Modellebene Blickpunkte
Mitarbeiter Logisch Informationen Verteilung/Physisch Prozess
Kontext UML-Organisationssicht Systemkontextdiagramm Unternehmensdatensicht Unternehmenslokalitätssicht Geschäftsprozesssicht
Analyse Generalisierte Systemmitarbeitersicht Subsystemsicht Systemdatensicht Systemlokalitätssicht Systemprozesssicht
Design Systemmitarbeitersicht Subsystemklassensichten

Softwarekomponentensichten

Systemdatenschema Deskriptorknotensicht Detaillierte Prozesssicht
Implementierung Spezifikationen und Anweisungen für Mitarbeiterrollen Konfigurationen: Deployment-Diagramme mit Software- und Hardwaresystemkomponenten.
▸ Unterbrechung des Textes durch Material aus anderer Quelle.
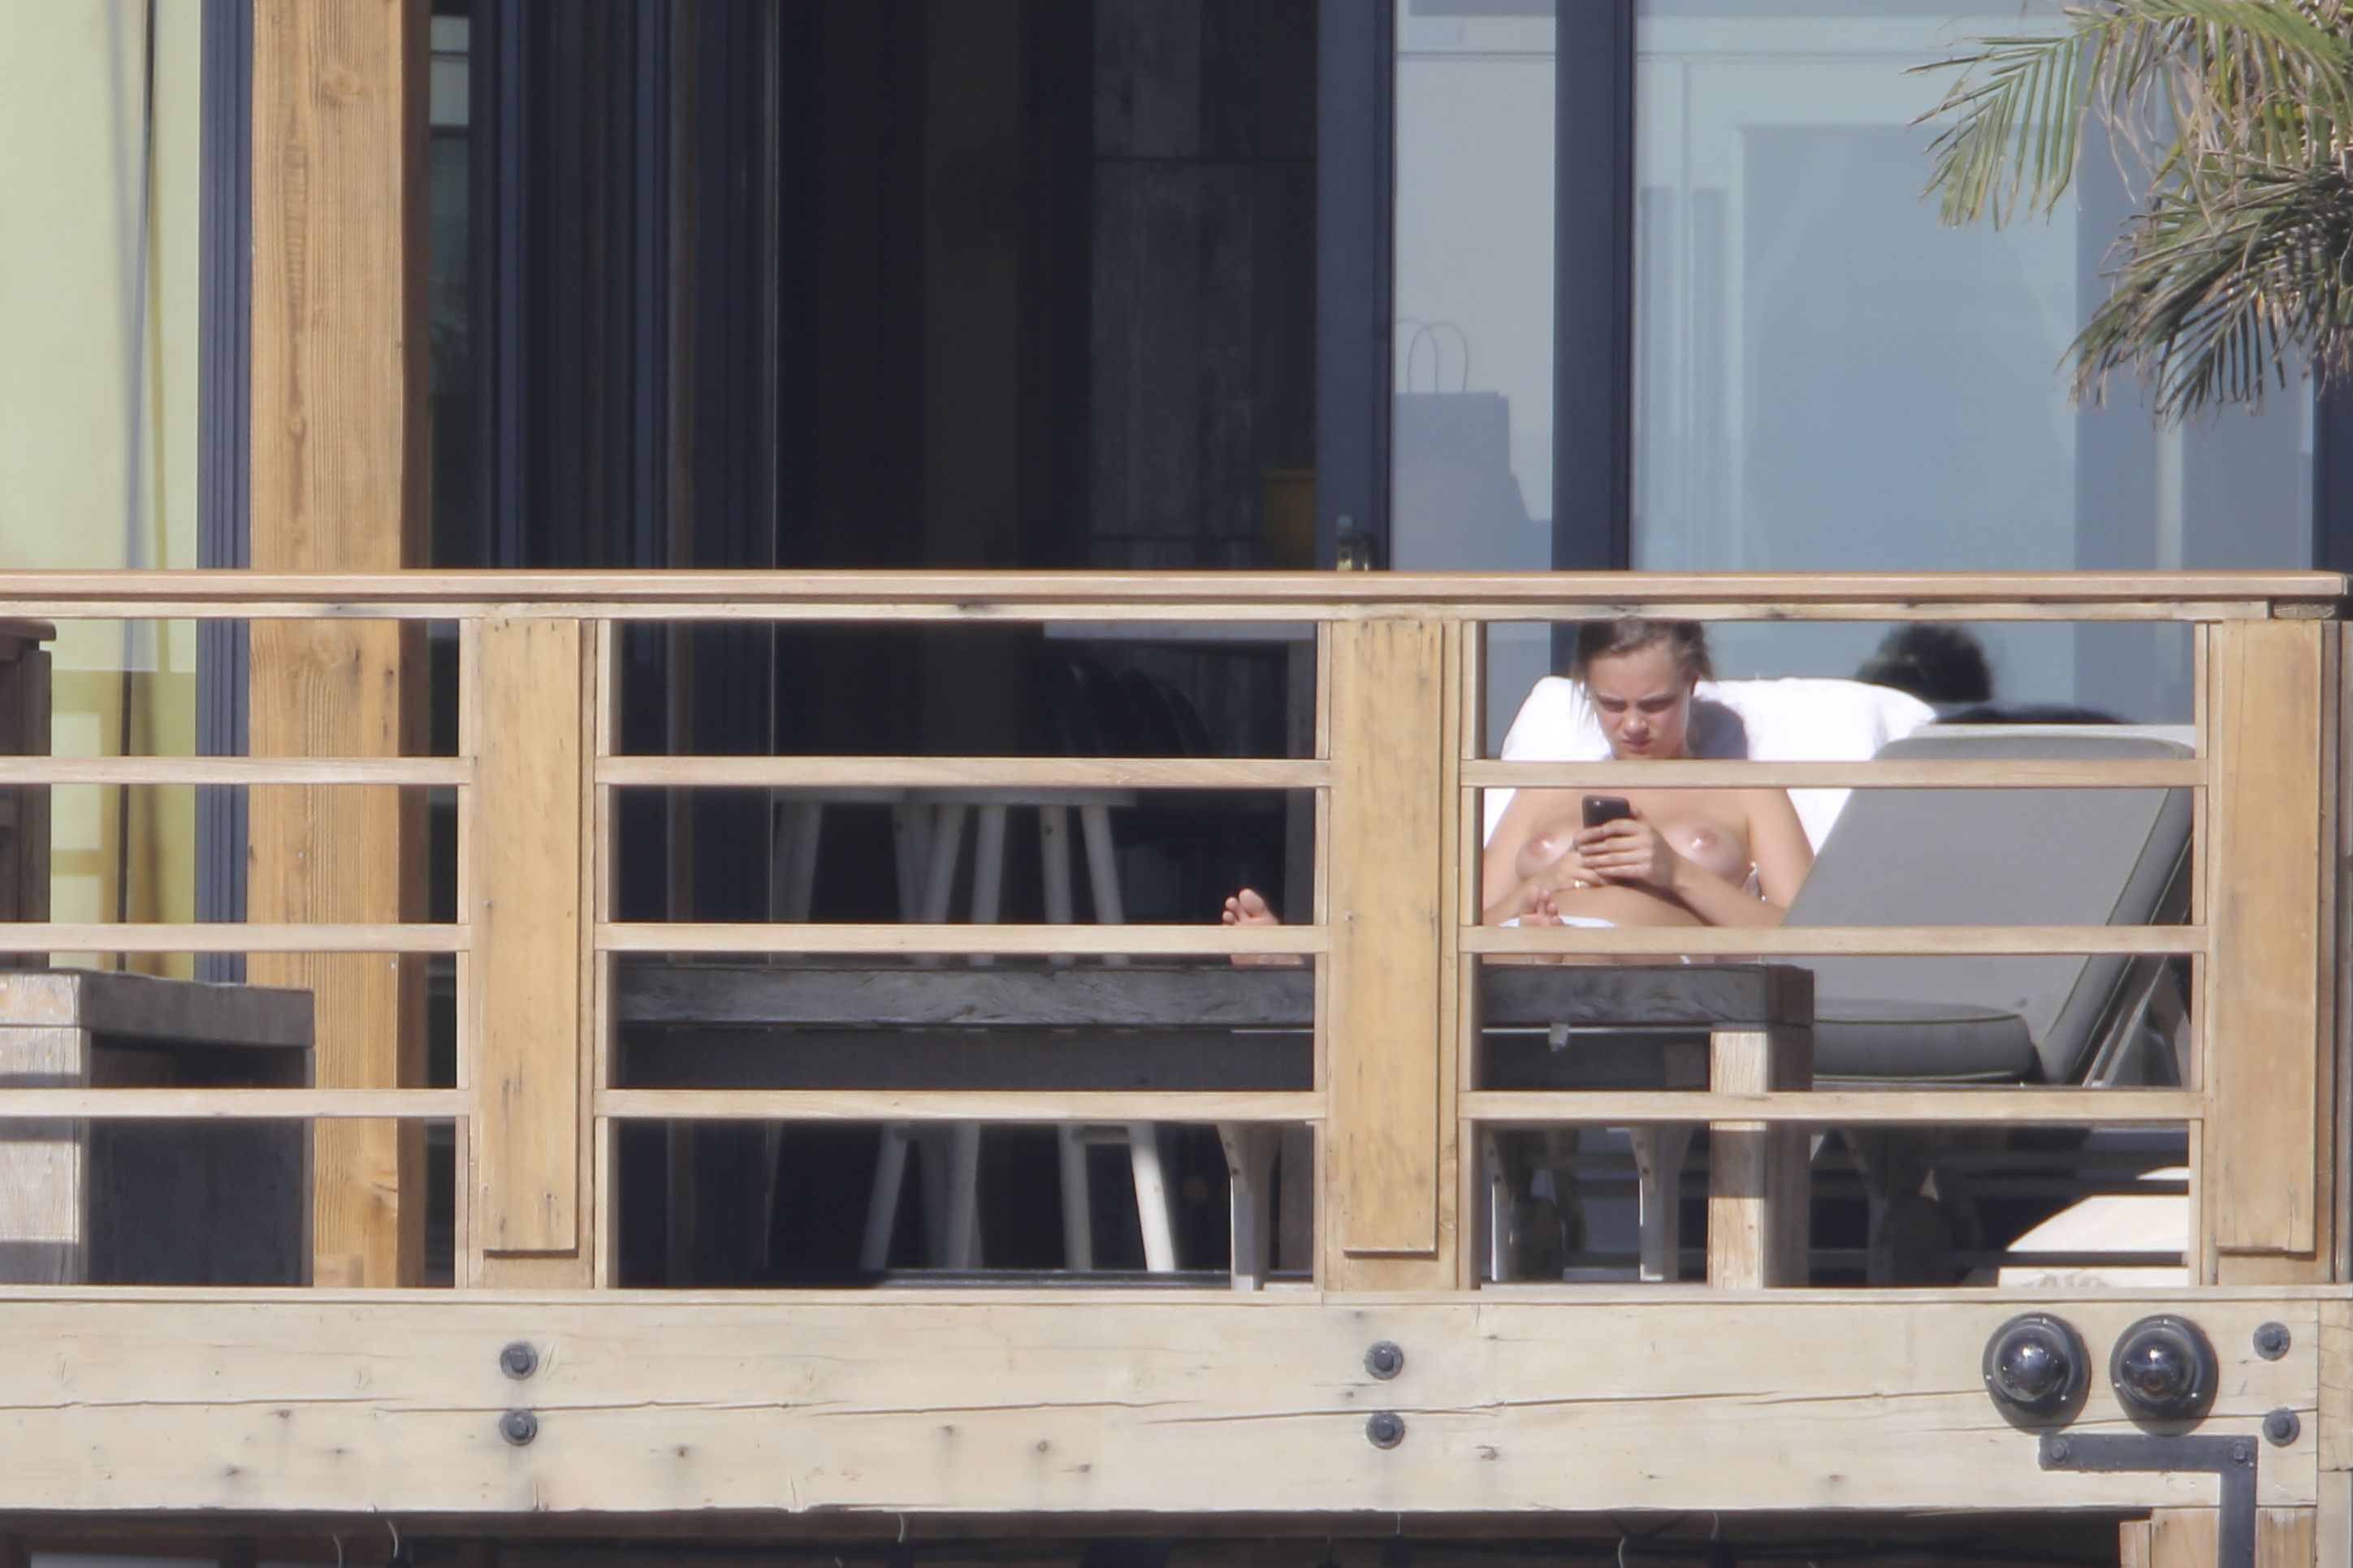 Cara_Delevingne_topless_on_a_balcony_in_Malibu_48x_HQ_34.jpg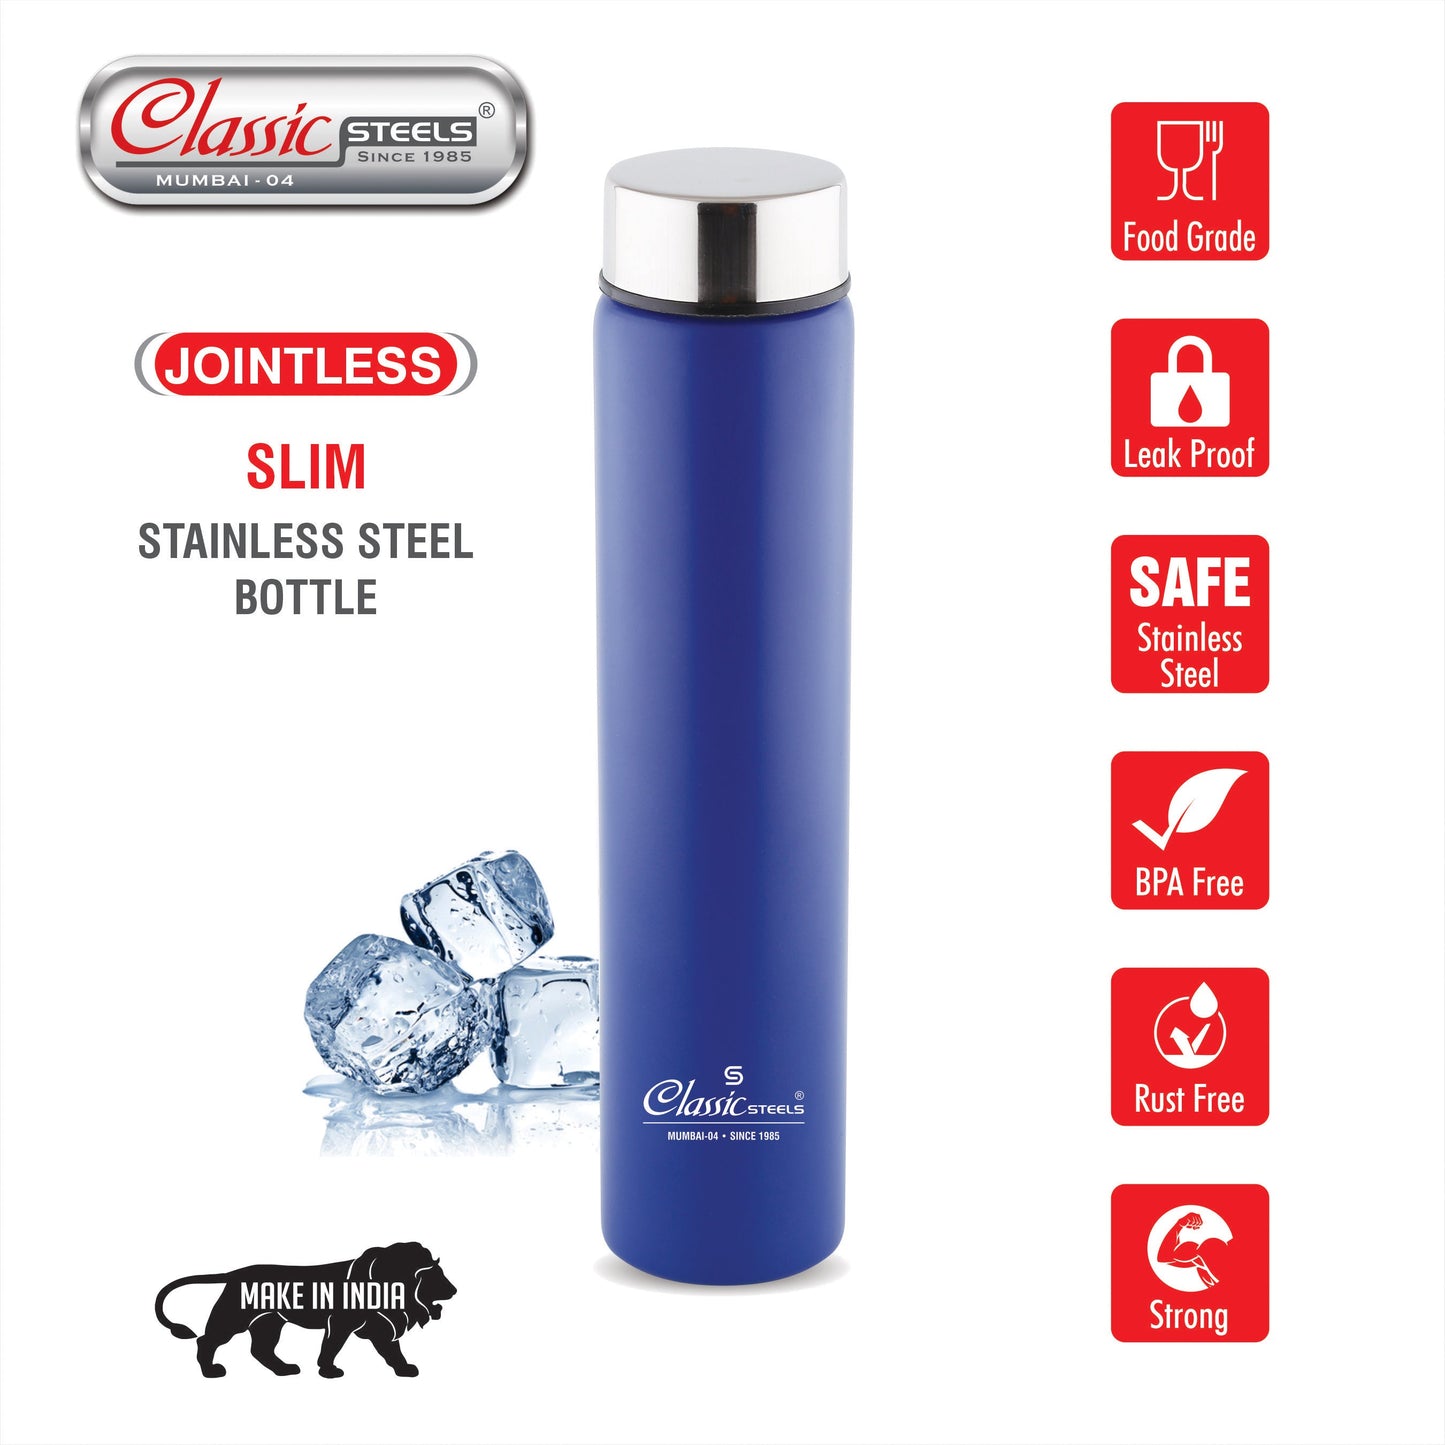 Slim (jointless) Single Wall Stainless Steel Classic Steels

Viele der in der Tabelle angegebenen Sichten werden aus UML-Standardmodellen abgeleitet. Auf der Analyseebene des logischen Blickpunkts wird das System in Subsysteme zerlegt, die kollaborieren, um die Benutzeranforderungen zu erfüllen. Für die Subsysteme wird dieselbe Semantik verwendet wie im UML-Standard. Diese Subsysteme wiederum werden in Subsysteme oder (letztendlich) Klassen zerlegt. Die Designebene des logischen Blickpunkts ist die Sicht des detaillierten Klassenmodells. Das Prozessmodell ist ebenfalls ein Standard-UML-Klassenmodell, das sich auf die aktiven Klassen im System konzentriert. Die domänenspezifischen Blickpunkte müssen außerdem Arbeitsergebnissichten für eine oder mehrere der Ebenen haben. Die Projektarbeitsergebnisse in diesem Framework müssen Teil des Entwicklungsfalls des Projekts sein.